Memory Match
Find every matching pair in a grid of face-down cards.
Overview
Memory Match (also called Concentration or Pairs) is a card-flipping memory game. A grid of face-down cards conceals pairs of matching symbols; flip two at a time, and if they match, they stay revealed. The round ends when every pair is found. The fewer flips and the less time it takes, the better.
This implementation supports several grid sizes — typically 4x4 for kids, 6x6 for adults, and larger for serious memory training — and shuffles a fresh symbol set each round. It's a quick, pleasant cognitive workout and a useful proxy for visuospatial working-memory span.
How it works
The deck is built by taking N distinct symbols and duplicating each one, then shuffling the resulting 2N cards using a Fisher-Yates shuffle and laying them face-down on the grid. Clicking a face-down card flips it face-up; once two are face-up, the engine pauses briefly to let you see them, then either marks them matched (if equal) or flips them face-down again (if not).
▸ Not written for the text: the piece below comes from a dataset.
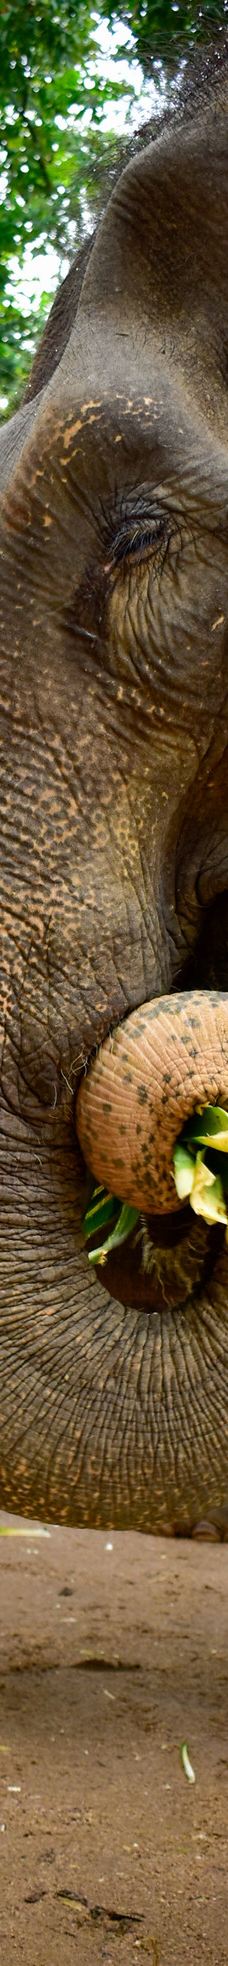 苏梅岛丛林大象保护区-苏梅岛

Optimal play requires zero re-checks: once you've seen two cards in different positions, remembering both lets you secure that pair the next time you see one of them. In practice, players run out of working-memory slots around five to seven distinct symbols on the board, after which they need a second look. The flip count therefore scales steeply with grid size.
Examples
- A 4x4 board has 8 pairs. Perfect play takes 16 flips; average human play takes 22-30.
- A 6x6 board has 18 pairs and stresses working memory hard — perfect play is 36 flips, typical is 60-80.
- The "first pair" guess on a fresh board has only a 1 in 15 chance of matching on a 4x4.
- Recording every reveal mentally beats randomly checking; even basic "I saw a star in the top-right" notes shave flips.
FAQ
Why do my matches sometimes flip back when I clicked correctly?
If the second card doesn't match the first, both flip back. Re-check that the two symbols were really identical.
Are the symbols always the same set?
No — a fresh symbol set is drawn each round so you can't memorise positions across games.
Is there a time bonus?
The board tracks elapsed time and flips. Combining both into a "score" depends on house rules.
Does the engine cheat by changing card positions?
No. Cards are placed once at game start and stay fixed.
Can I undo a flip?
No — the flip count is your honest score. Resigning and restarting is the only reset.